PROBLEM TO WORK ON
Return the following data exactly, with all pictures left out.

Start of DATA EXCERPT

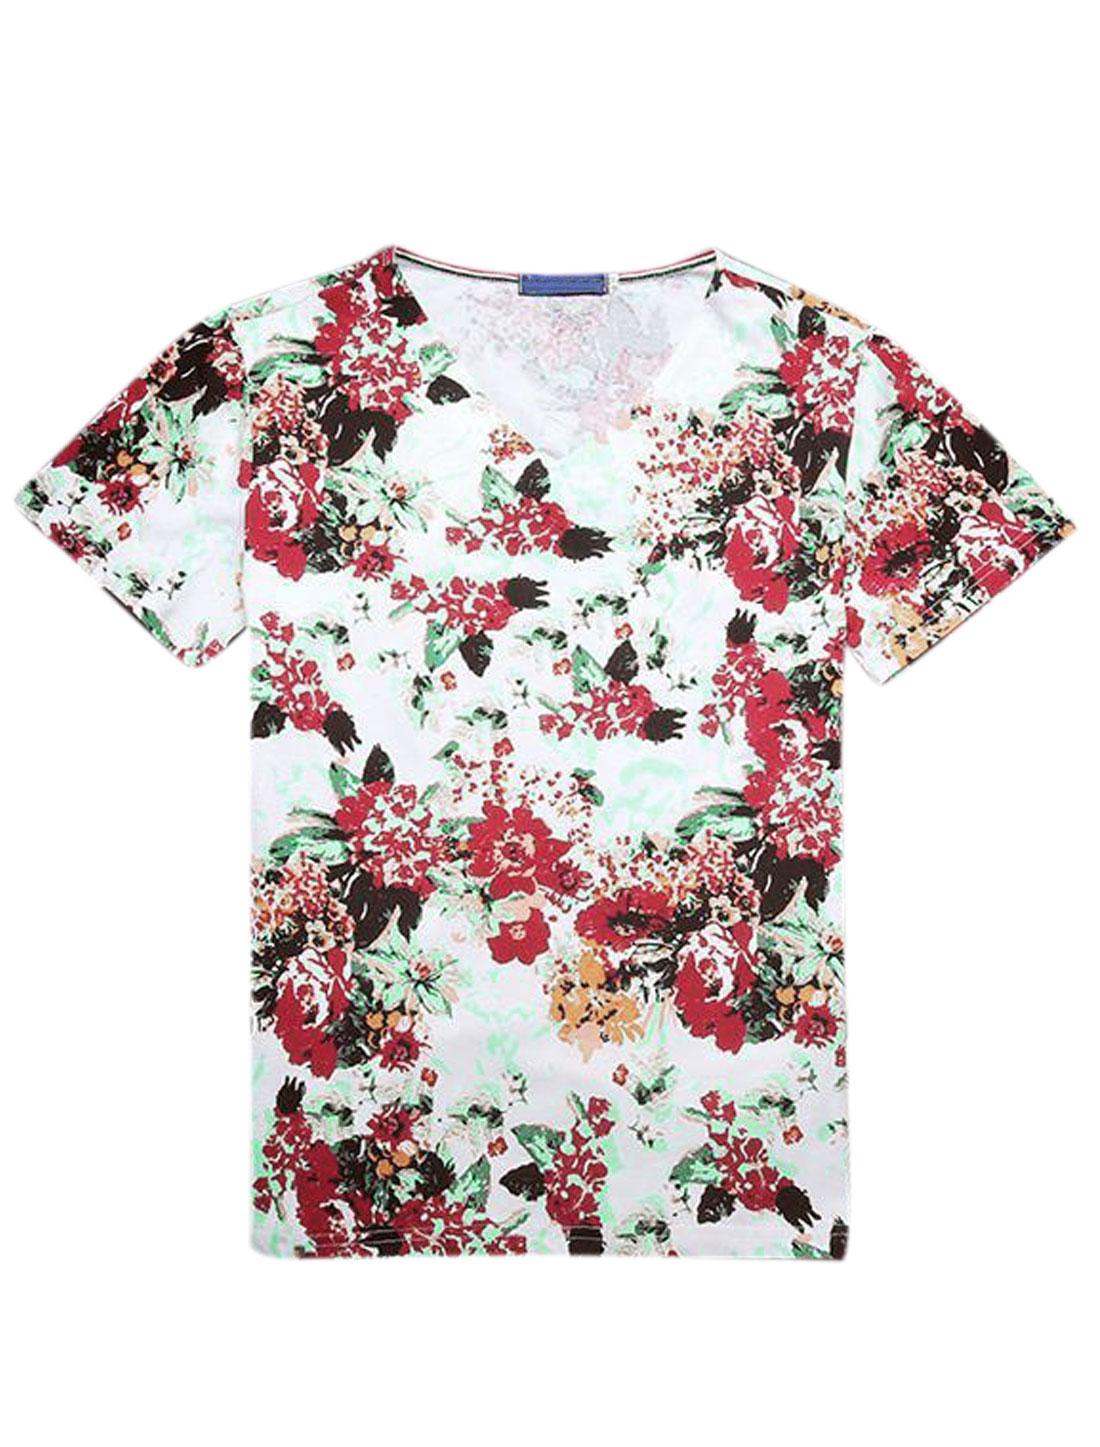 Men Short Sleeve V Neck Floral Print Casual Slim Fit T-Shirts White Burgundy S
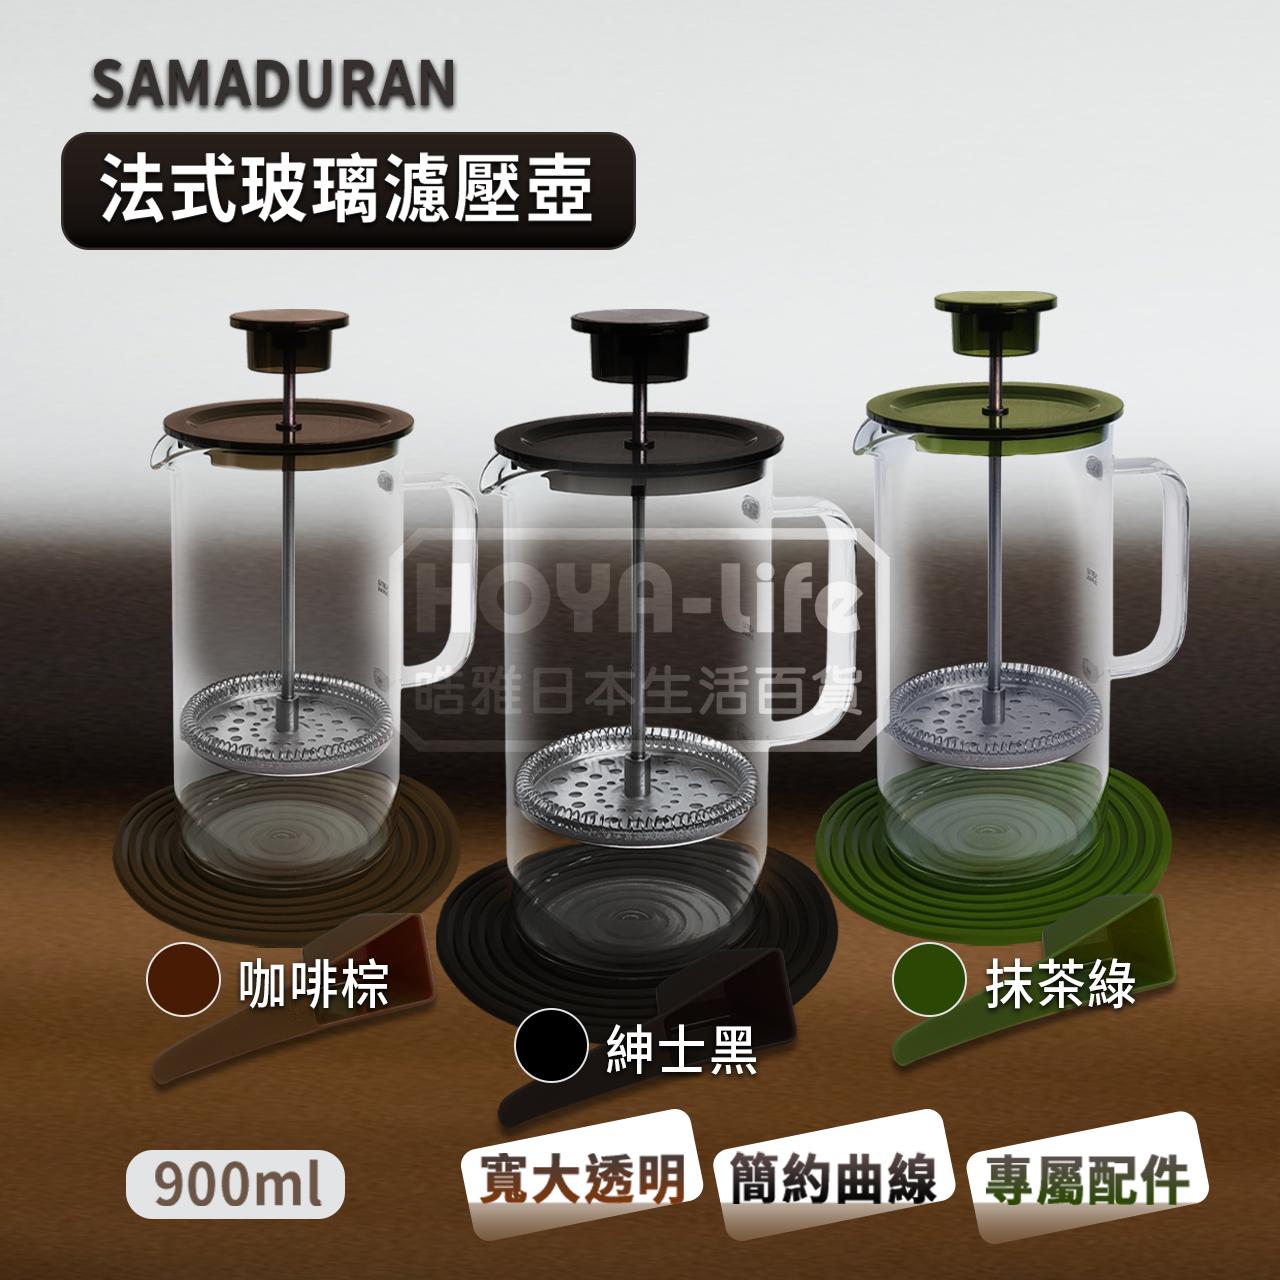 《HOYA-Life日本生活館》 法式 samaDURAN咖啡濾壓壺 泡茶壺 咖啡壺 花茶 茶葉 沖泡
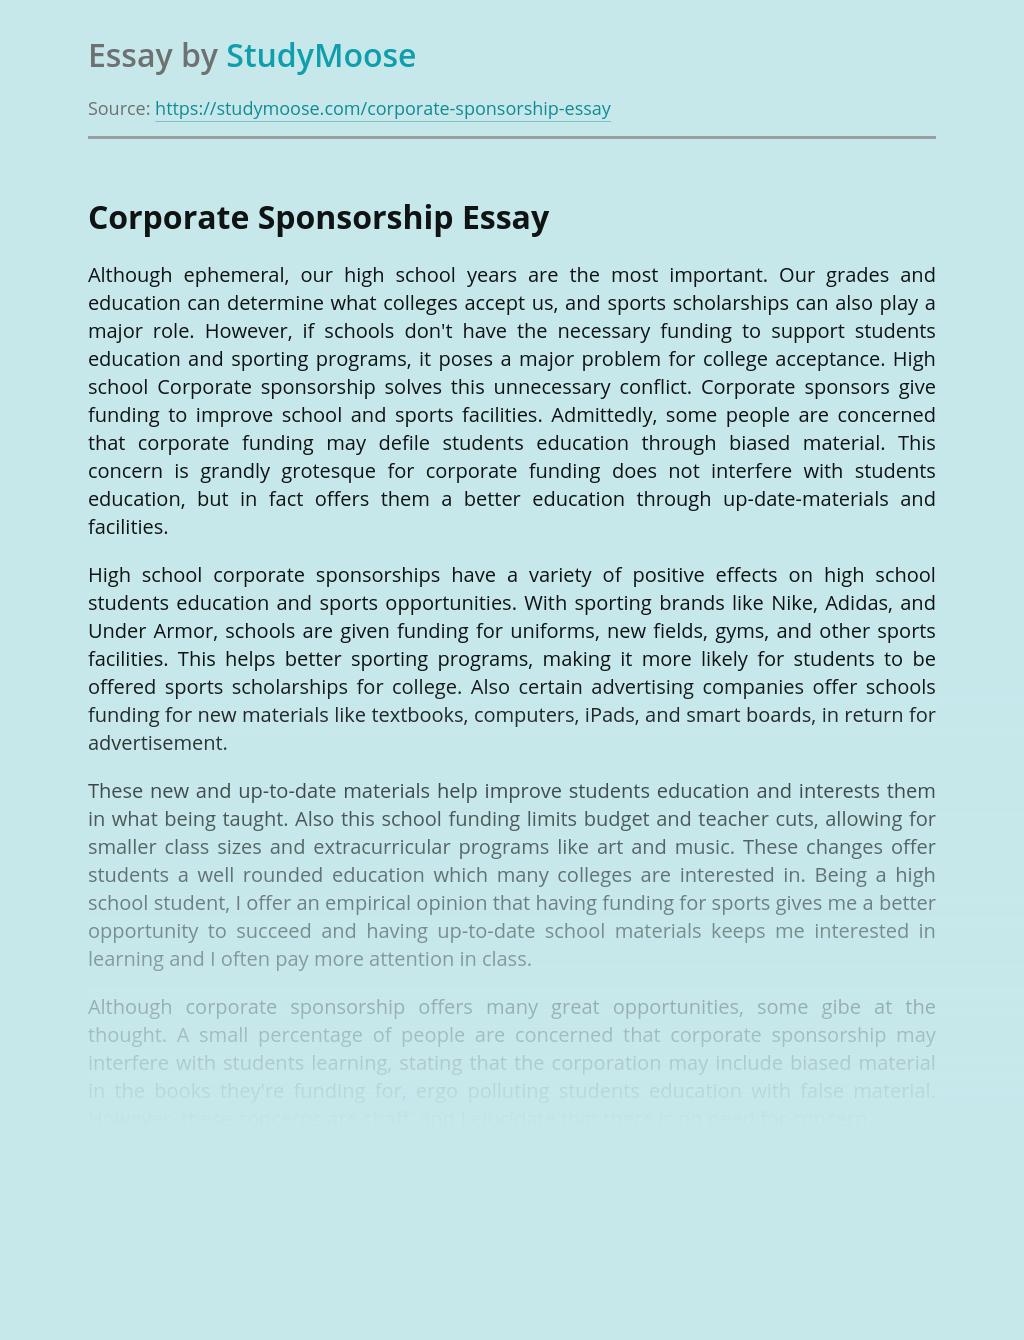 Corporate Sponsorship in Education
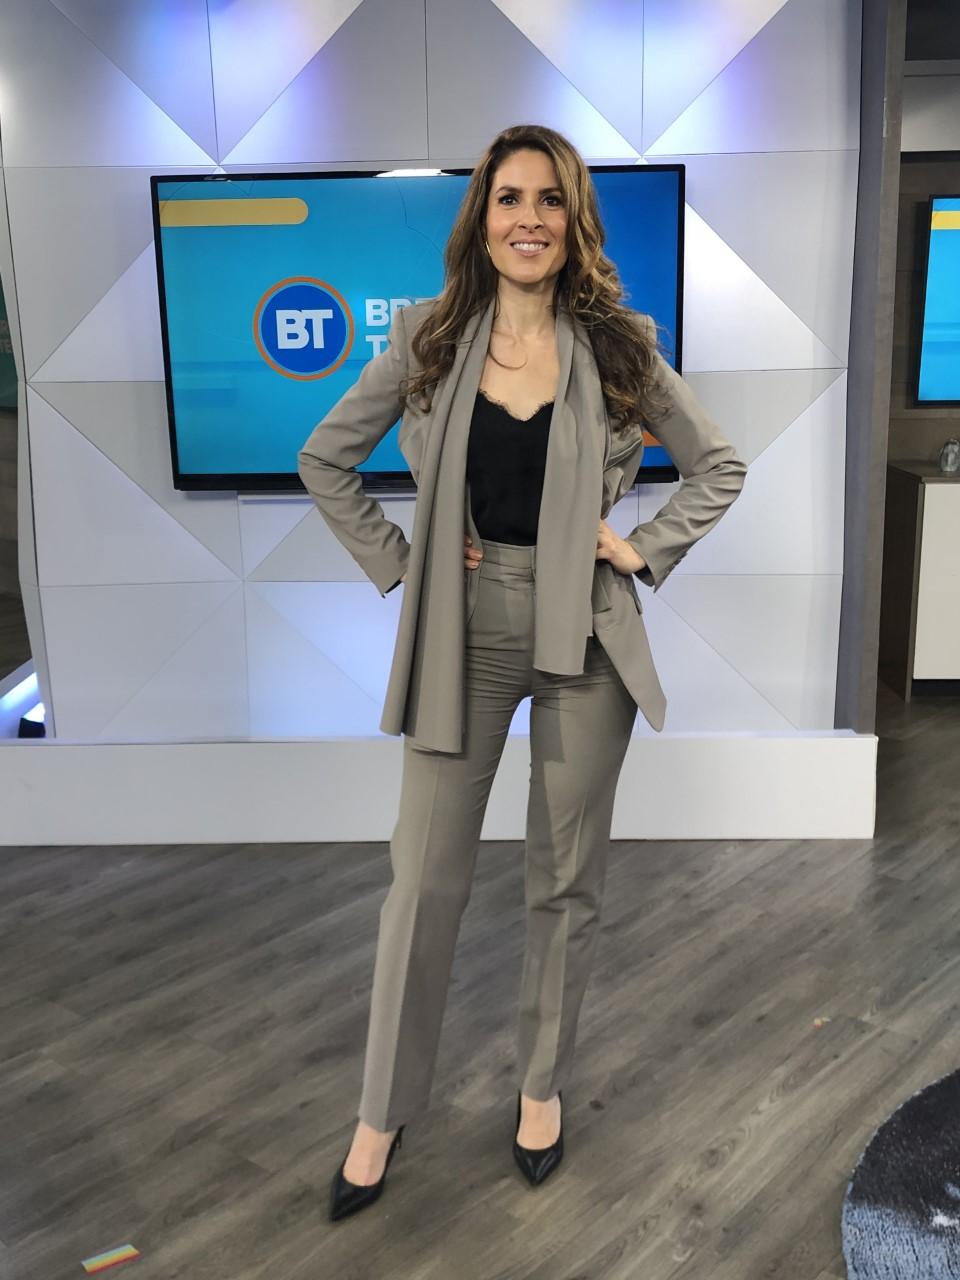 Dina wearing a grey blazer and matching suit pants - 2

End of DATA EXCERPT

RESULT OF THE TASK
 Men Short Sleeve V Neck Floral Print Casual Slim Fit T-Shirts White Burgundy S
 《HOYA-Life日本生活館》 法式 samaDURAN咖啡濾壓壺 泡茶壺 咖啡壺 花茶 茶葉 沖泡
 Corporate Sponsorship in Education
 Dina wearing a grey blazer and matching suit pants - 2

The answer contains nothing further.